Foto de Maxime Aliaga
«Nunca dirijas películas con niños, con animales, ni con Charles Laugthton: nadie recordará tu nombre». Tomás Downey hace caso parcialmente del consejo de Hitchcock y no introduce en los cuentos de El lugar donde mueren los pájaros (2017) al actor británico pero utiliza los dos primeros elementos para afianzar un estilo siniestro fundamentado en la inocencia inherente de las criaturas, sean humanas o bestias.
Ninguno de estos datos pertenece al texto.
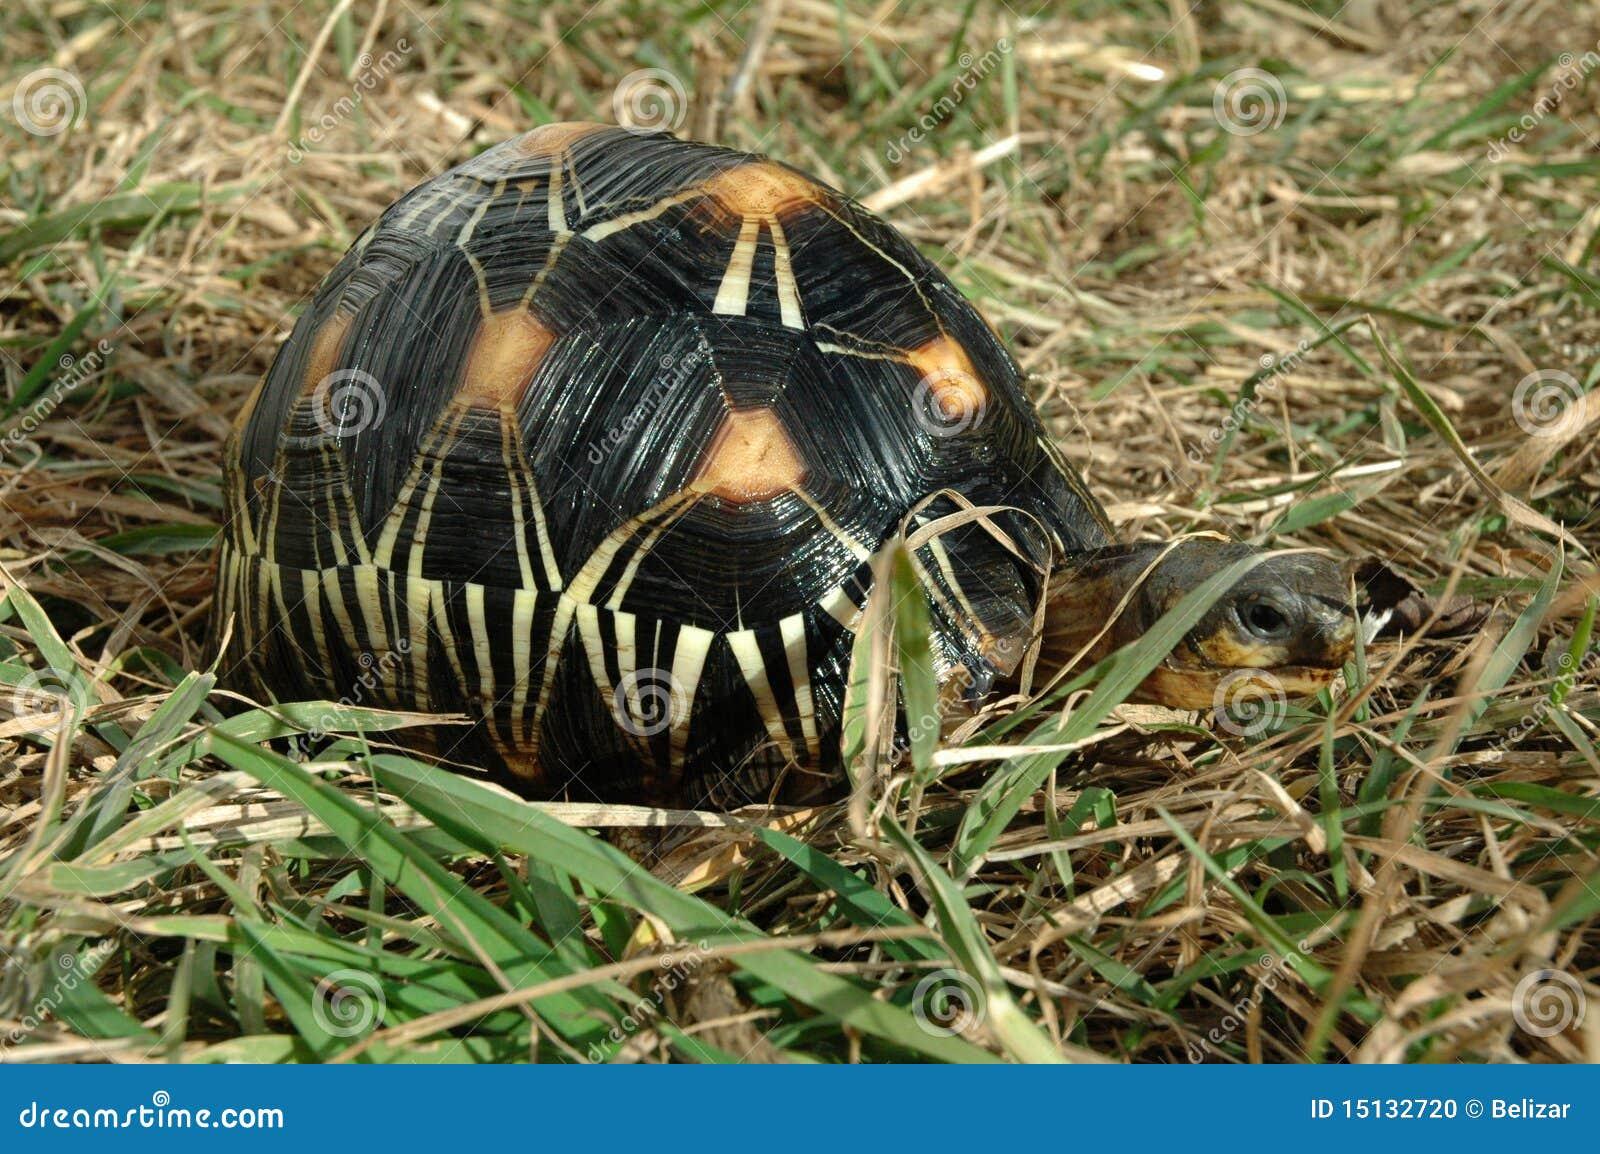 Radiated tortoise (Geochelone radiata)

Hitchcock se refería a los desafíos de trabajo, ya que no siempre se pueden controlar o predecir las acciones y comportamientos de niños y animales; en el discurrir de sus historias, Downey deja que sus protagonistas sean, sin coartarles la voluntad de hacer ni reprimiendo su naturaleza: ninguna acción escapa a su mirada, pero no es el guardián de las motivaciones ajenas; por lo mismo, su narrativa se refugia en las escenas de muerte pero la maldad sólo aparece insinuada para evitarle culpa y complicidad al lector. Los niños tienen motivos ocultos que quedan al resguardo de la elipsis.
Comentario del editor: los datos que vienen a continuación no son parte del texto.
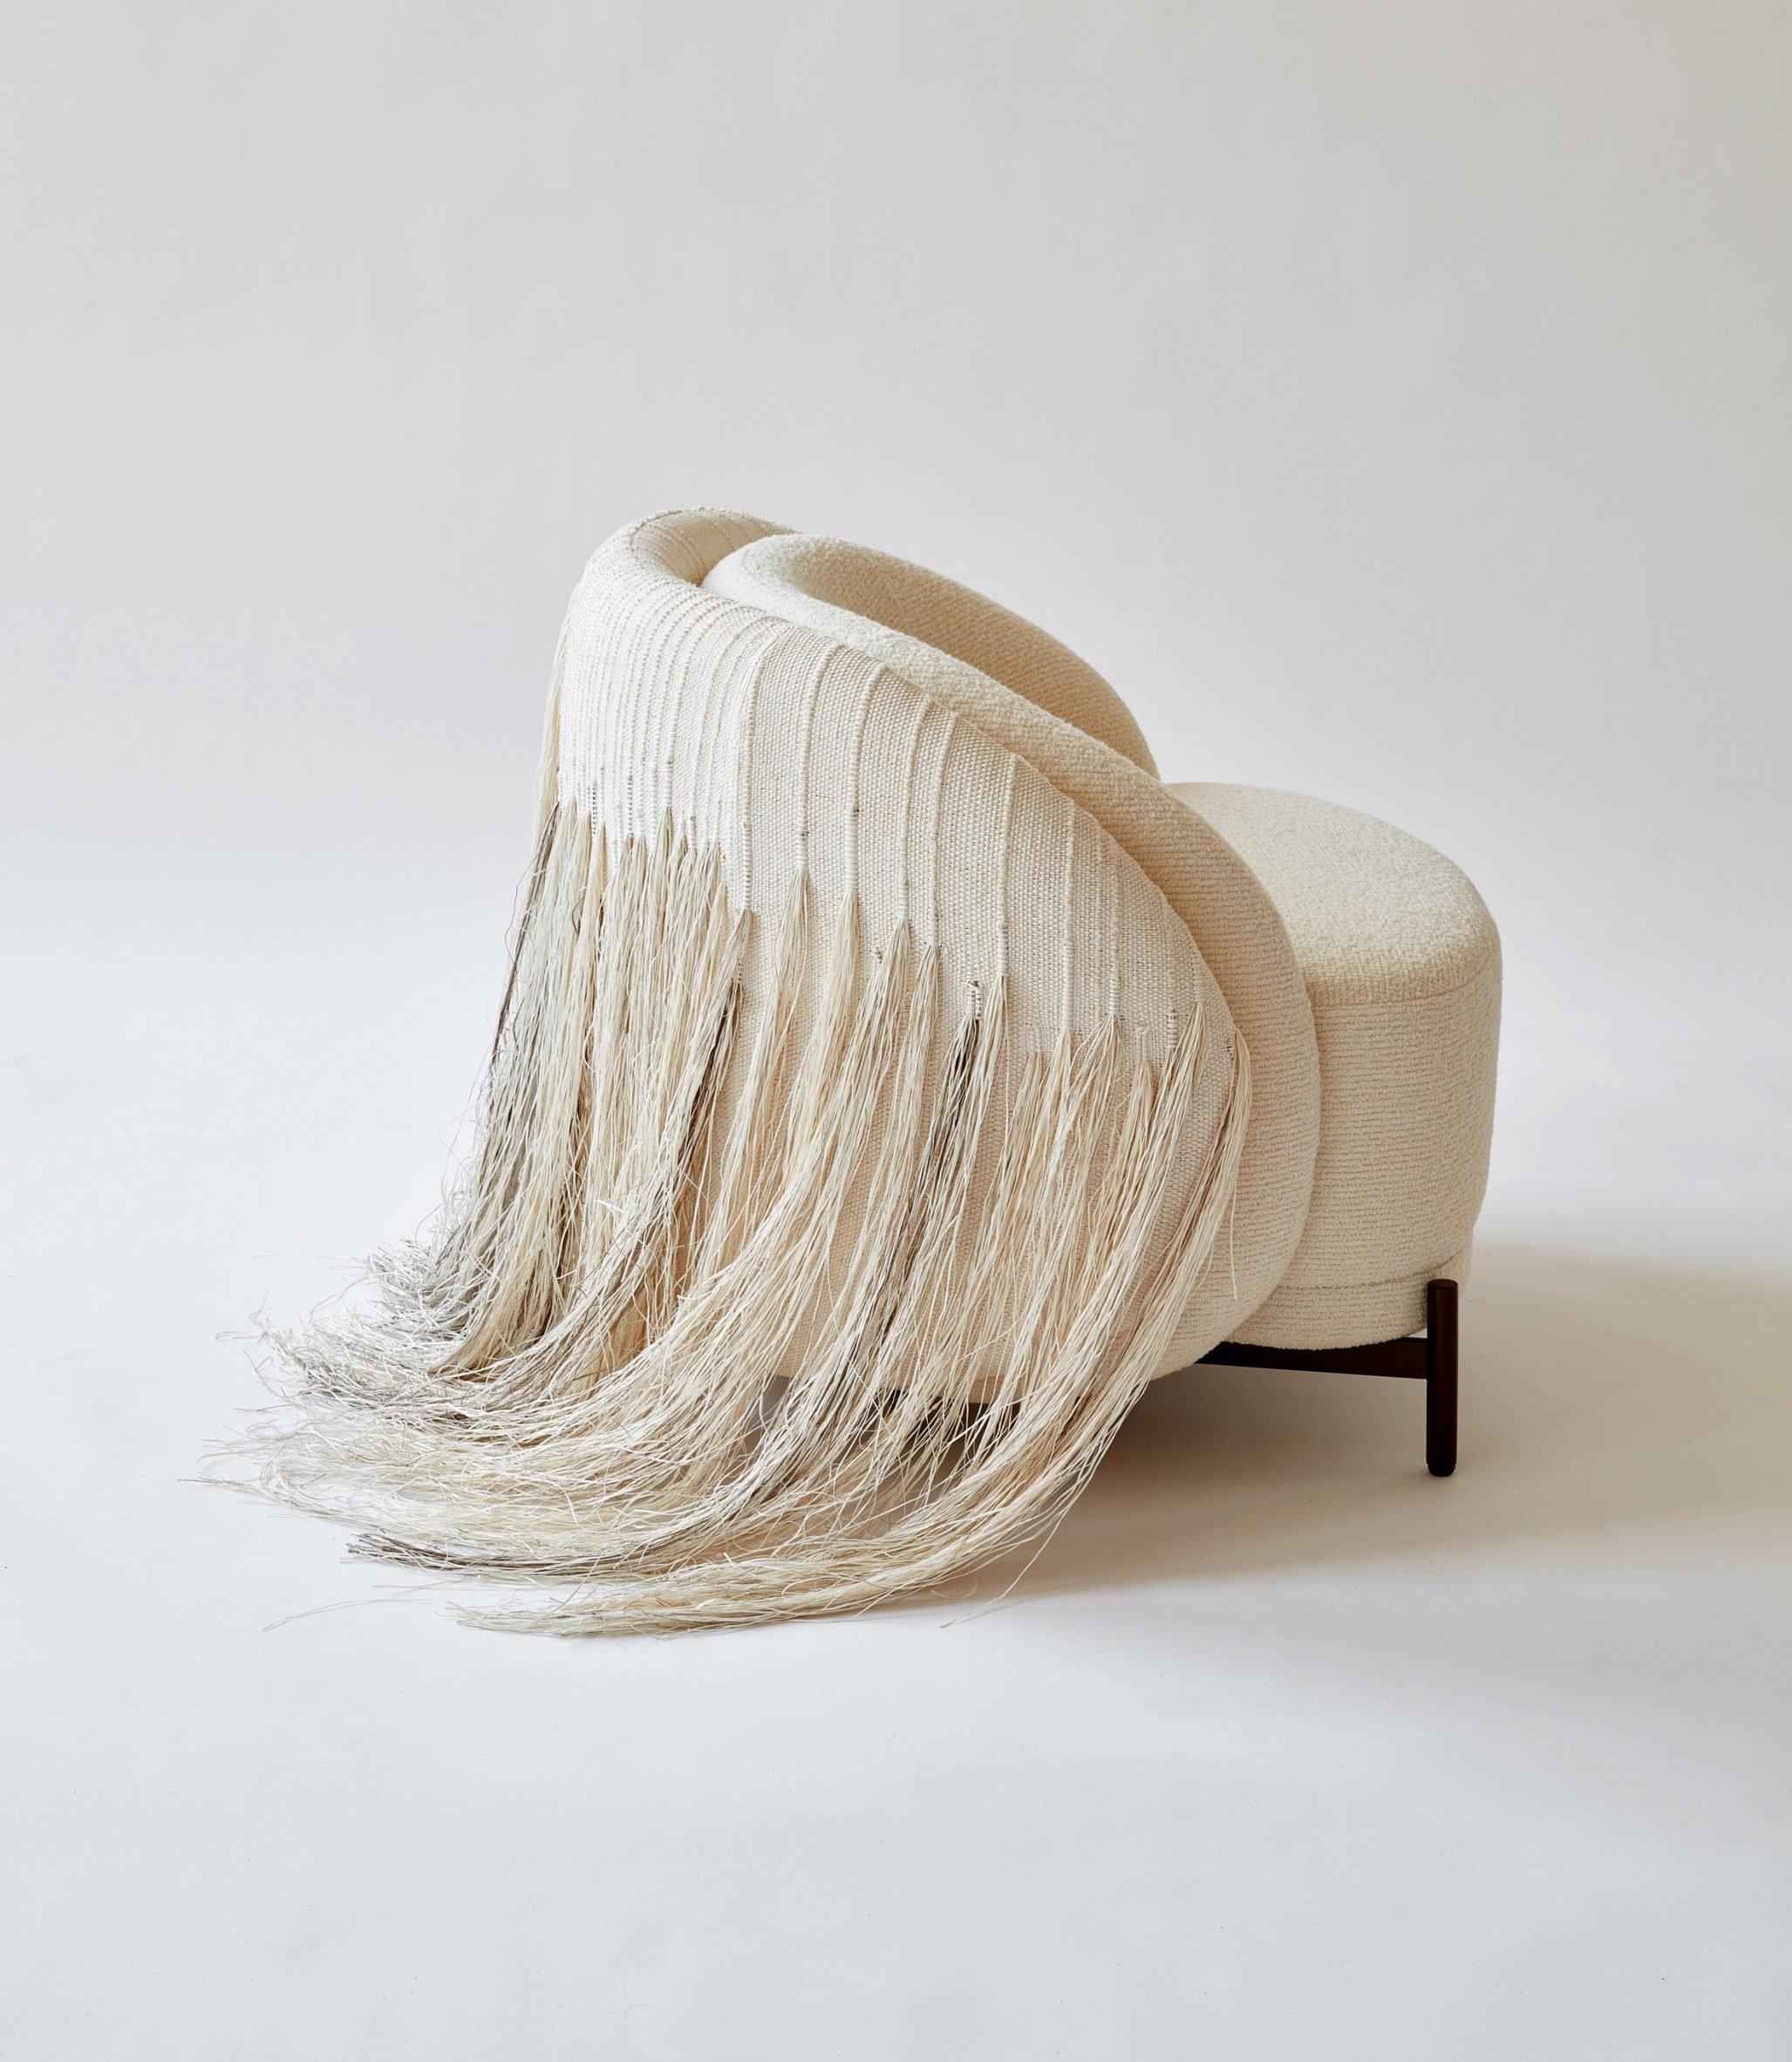 AME Natural Lounge chair by Paolo Ferrari via Twentieth Gallery

Hay varios planos en que Downey expone la muerte y es su virtud yuxtaponerlos, que el significado de una muerte guarde la posibilidad de otro significado o de tener ambos a la vez.
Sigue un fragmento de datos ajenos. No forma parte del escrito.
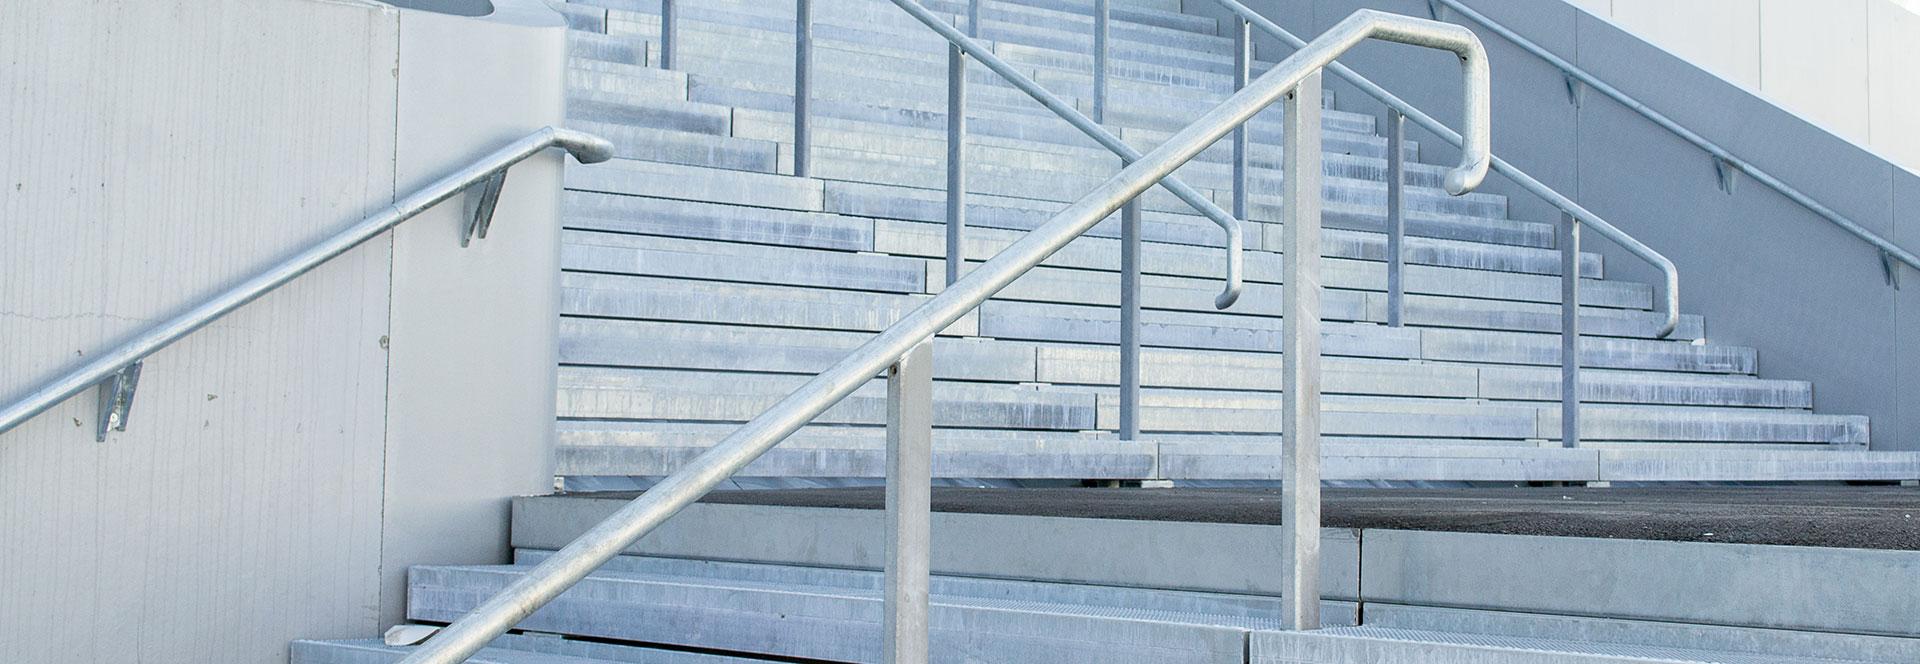 MEA Metal Applications - Referenzen Allianz Arena München

Uno es este: la muerte no es el objetivo ni siquiera el hilo conductor, por eso se presenta directa y sin misterios, particularmente en los cuentos “Hermanas”, “Un ramo de cardos” y en el que le da título al libro. Para Downey, la muerte en estos cuentos es un asunto público, cuya divulgación es insolente y un asunto del que se ocupan terceros. Dice: “Al [primer pájaro] no lo enterramos muy profundo. A los pocos días estaba […] lleno de hormigas. Lo olimos y nos dieron ganas de vomitar”. La manera en que las hermanas matan un chancho en el primer cuento es desprolija, hasta grosera, como si estuvieran abriendo una piñata insignificante. La descomposición de un caballo reventado de galopar más de cien kilómetros vale lo mismo que si estuviera vivo. La vida de un pájaro que depende de la misericordia de unas niñas, no encuentra sino el filo de una pala y un pozo.
Sí hay un trabajo minucioso en demostrar que la muerte no es más que un eslabón en la concatenación de hechos, una parte transitoria de la cronología (enumera: “la helada del amanecer”, “la escarcha sobre sus botas”, “el caballo muerto”, luego se vuelve a las características del vino y la manteca, como si nada, como si diera lo mismo que la muerte estuviera o no estuviera); aun cuando aparece como la celebración de un sacrificio ritual, casi siempre se representa ordinaria y sucia o como un trámite, algo que debe despacharse para seguir.
Otro plano es este, que sin contradecir al anterior, puede rectificar cierto cariz: niños y animales están unidos por el puente mortal de un cuchillo, la noche escarchada de una agonía invisible o una enfermedad en las ramas de los árboles que entretejen un sueño maldito. En el primer y último cuento los niños se ven entregados a una nueva fuerza que les permite encontrarse y a la vez perderse del mundo; la muerte se ofrece casi ceremonialmente y la hace menos efímera y mezquina. En este sentido, se distancian de aquella perverseness (no del todo bien traducida como “espíritu de la perversidad”) de Poe en el “El gato negro” vinculada con la culpa porque el sentido moral señalan al ejecutor como asesino y al ejecutado como víctima. Pero Downey no contempla la falta o el pecado ni la voz de la conciencia mortificando el cuerpo, o bien supone un pecado al dar el marco de una expiación.
Por tratarse de principiantes, los niños buscan la purificación o la cura con métodos improvisados. A su vez, superan la falta de previsión con fanatismo. Por eso el tratamiento de Downey implica el asco y la violencia y el empleo de un estilo hierático que lo justifica.